Statistical Learning Theory Meets Big Data: Randomized Algorithms for Extracting Frequent Itemsets and Association Rules
Abstract: The tasks of extracting Frequent Itemsets and Association Rules are fundamental primitives in data mining and database applications. Exact algorithms for these problems exist but require scanning the entire dataset, possibly multiple times. When data is too big to be analyzed in its entirety, and obvious approach is to analyze a sample of the data. The major difficulty in this approach is bounding the probability of under- or over-sampling any one of an unknown number of frequent itemsets. Our work circumvents this issue by applying the statistical concept of VC - dimension to develop a novel technique for providing tight bounds on the sample size that guarantees approximation within user-specified parameters (joint work with M. Riondato)

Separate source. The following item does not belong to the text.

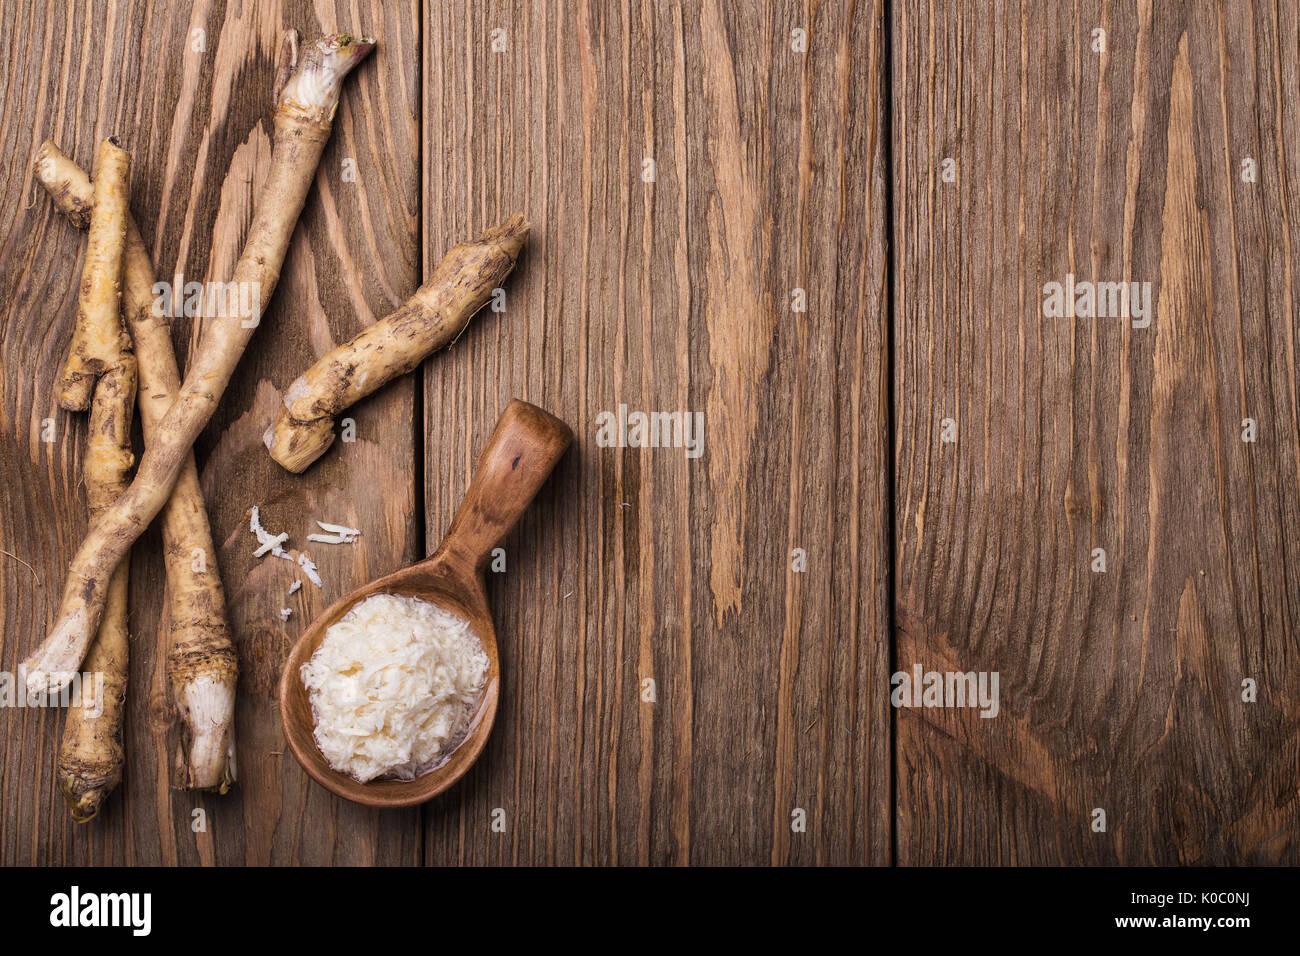 Assaisonnement de raifort râpé avec l'espace pour le texte Photo Stock

In a subsequent work we extend this technique to a novel randomized parallel algorithm to the problem. Our algorithm achieves near-linear speedup while avoiding costly replication of data.. We formulated and implemented the algorithm in the MapReduce parallel computation framework (joint work with M. Riondato, J. DeBrabant and R. Fonseca).

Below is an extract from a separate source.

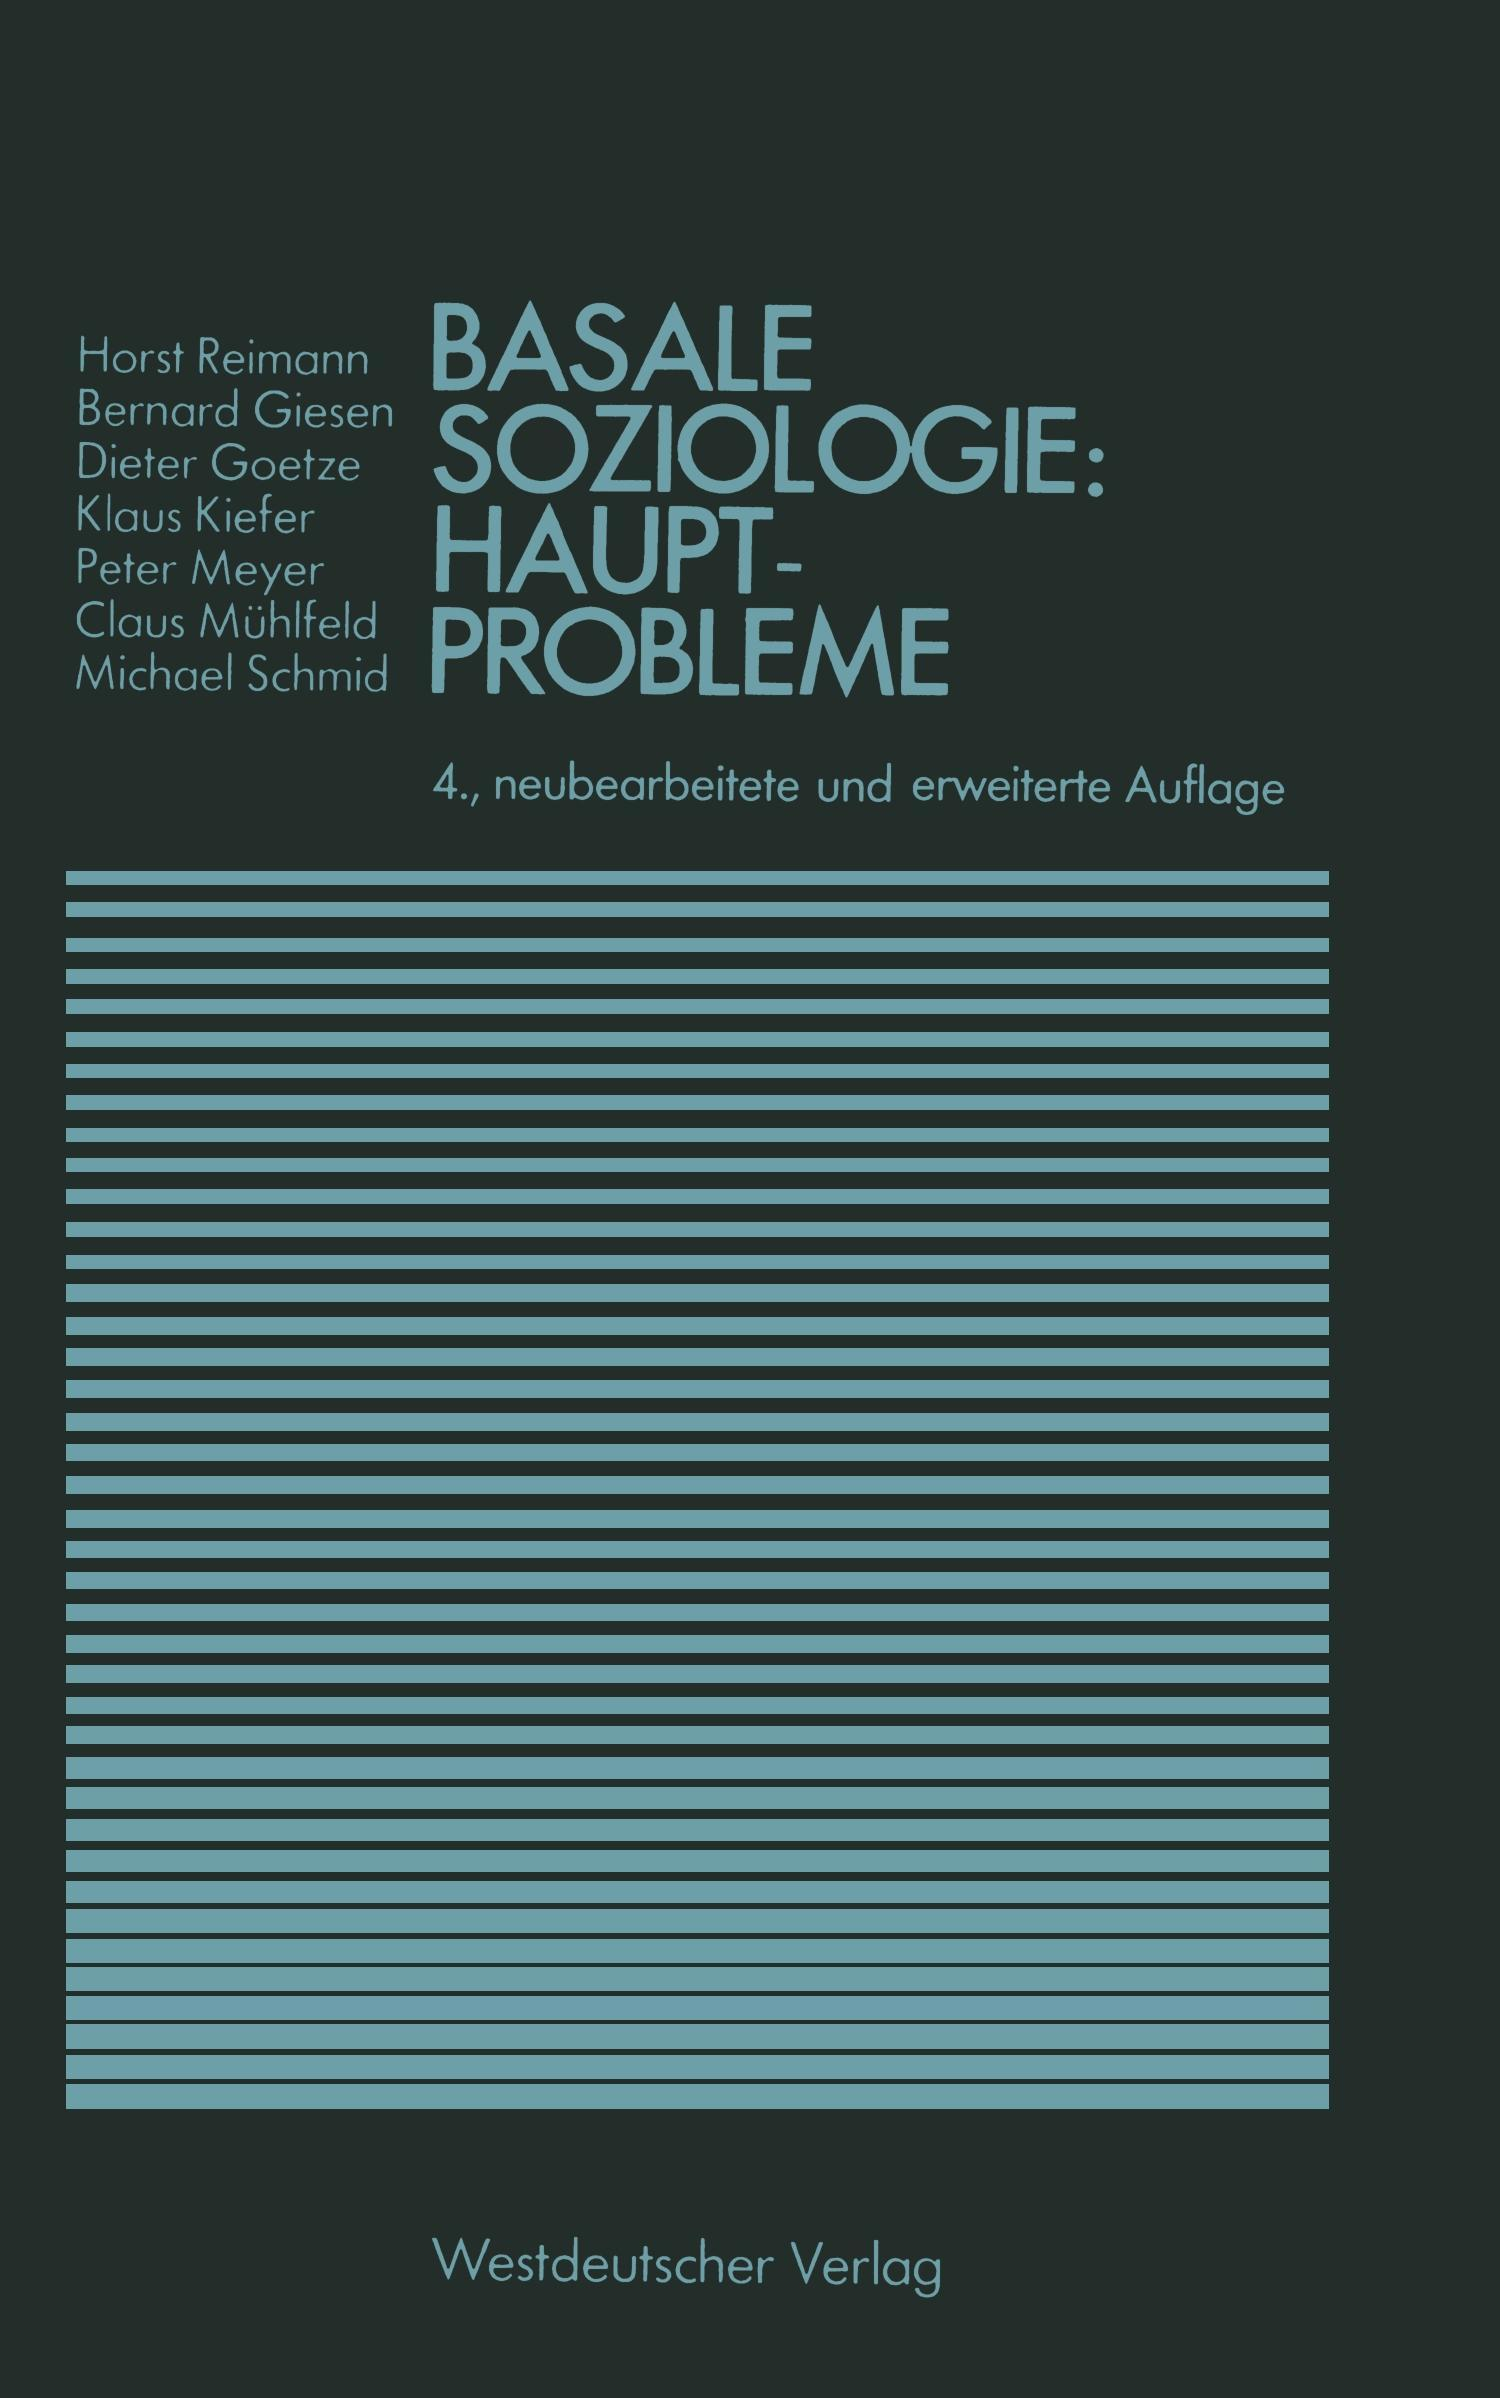 Basale Soziologie: Hauptprobleme - Reimann, Horst|Giesen, Bernhard|Goetze, Dieter

Bio: Eli Upfal a professor of computer science at Brown University, during 2002-2007 he was also the department chair. Before coming to Brown in 1998 he was a researcher and project manager at the IBM Almaden Research Center in California, and a professor at the Weizmann Institute in Israel. He received an undergraduate degree in mathematics and statistics and a doctorate degree in computer science from the Hebrew University in Jerusalem, Israel. His research focuses on the design and analysis of algorithms. In particular, randomized algorithms and probabilistic analysis of algorithms. Applications range from combinatorial and stochastic optimization to routing and communication networks, computational biology, and computational finance and statistical machine learning.